Supplied material:
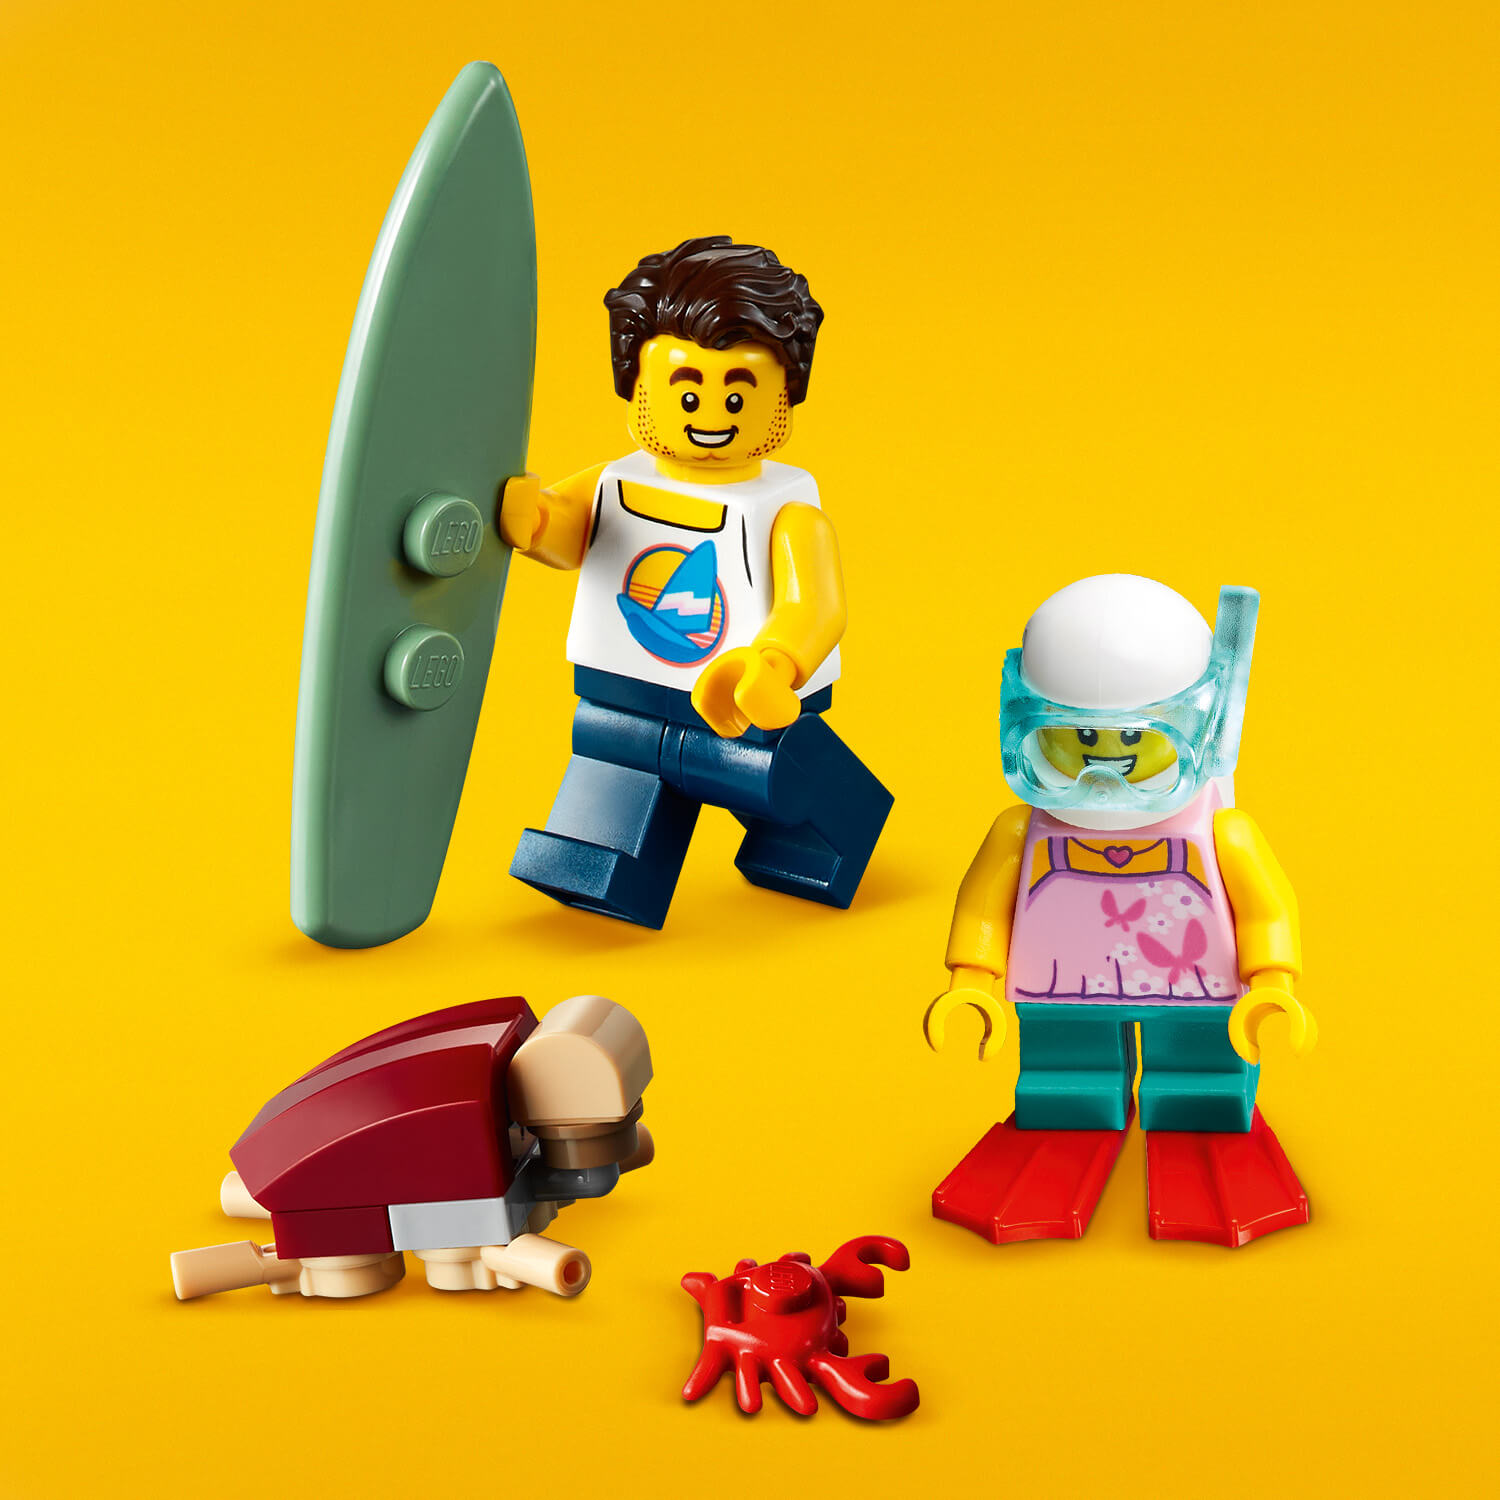 Součástí jsou 2 LEGO® minifigurky
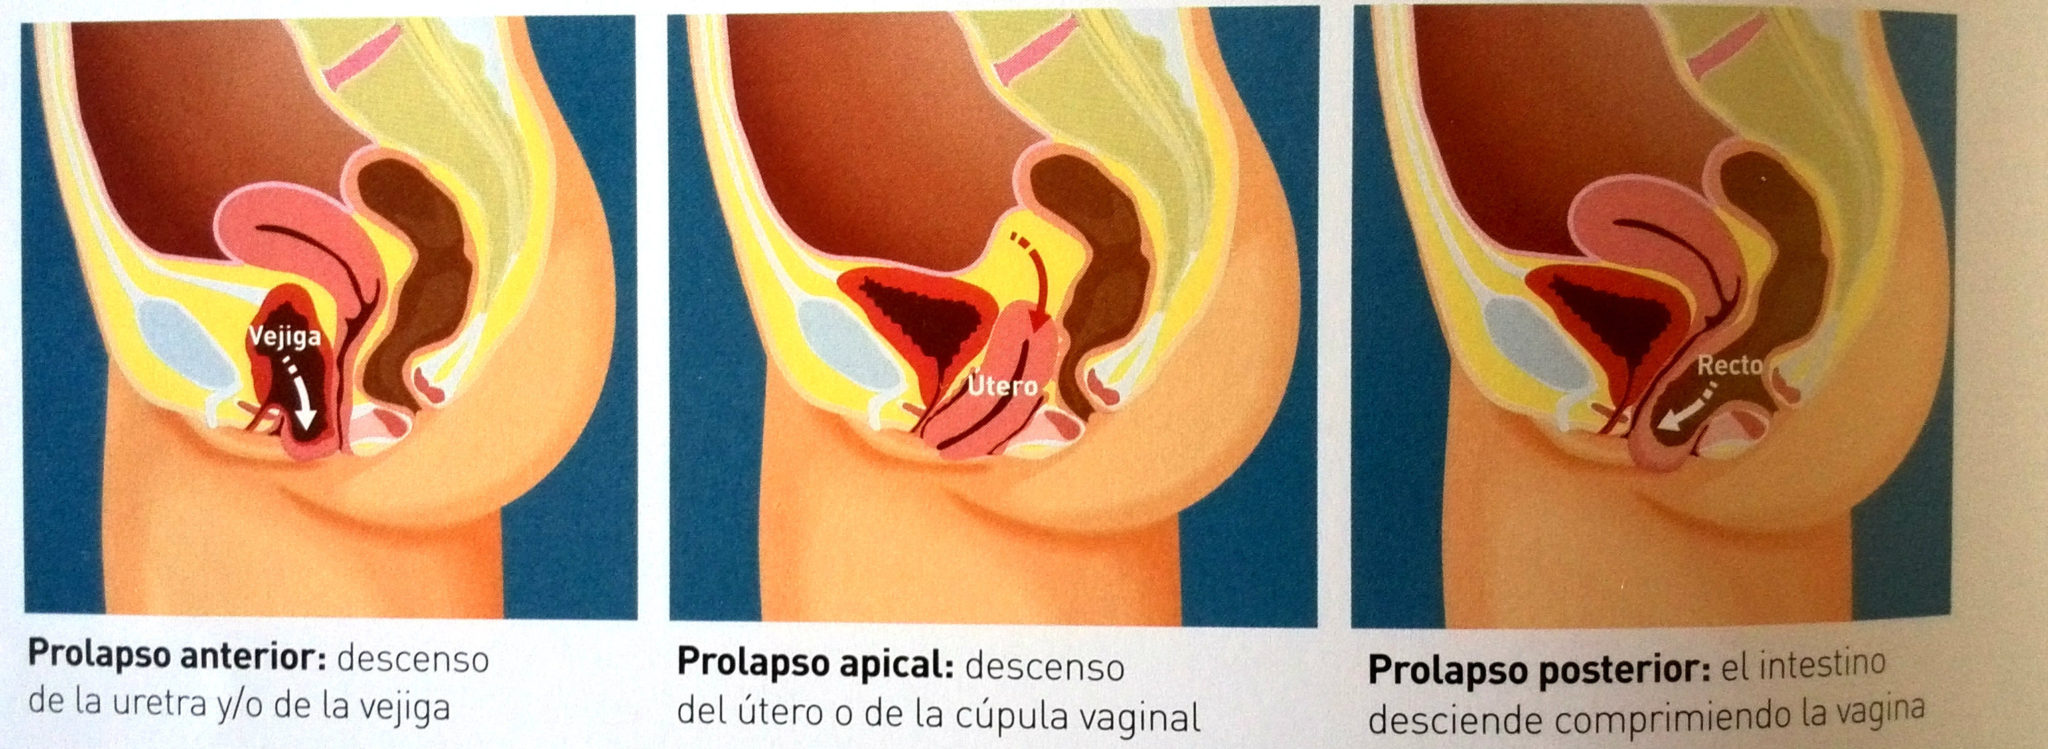 Uroginecologo Especialista En Prolapso Genital Tratamiento
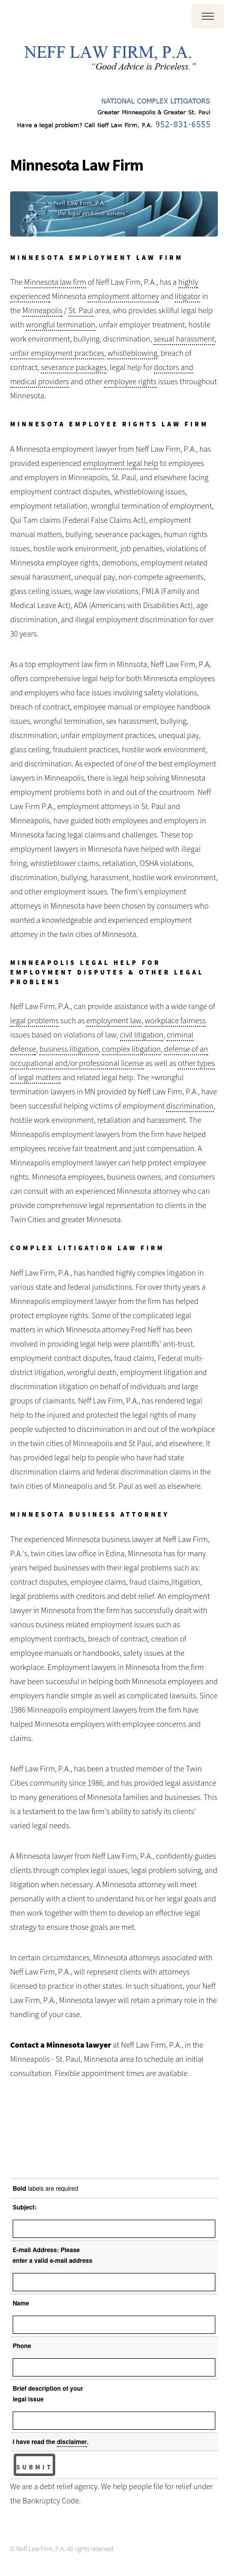 Neff Law Firm, P.A. - Edina MN Lawyers

What you need to do:
Take the line containing "Uroginecologo Especialista En" and all lines after it to the end of the data above, and reproduce them exactly, leaving out pictures. Nothing else belongs in the copy.

Response to this task:
 Uroginecologo Especialista En Prolapso Genital Tratamiento
 Neff Law Firm, P.A. - Edina MN Lawyers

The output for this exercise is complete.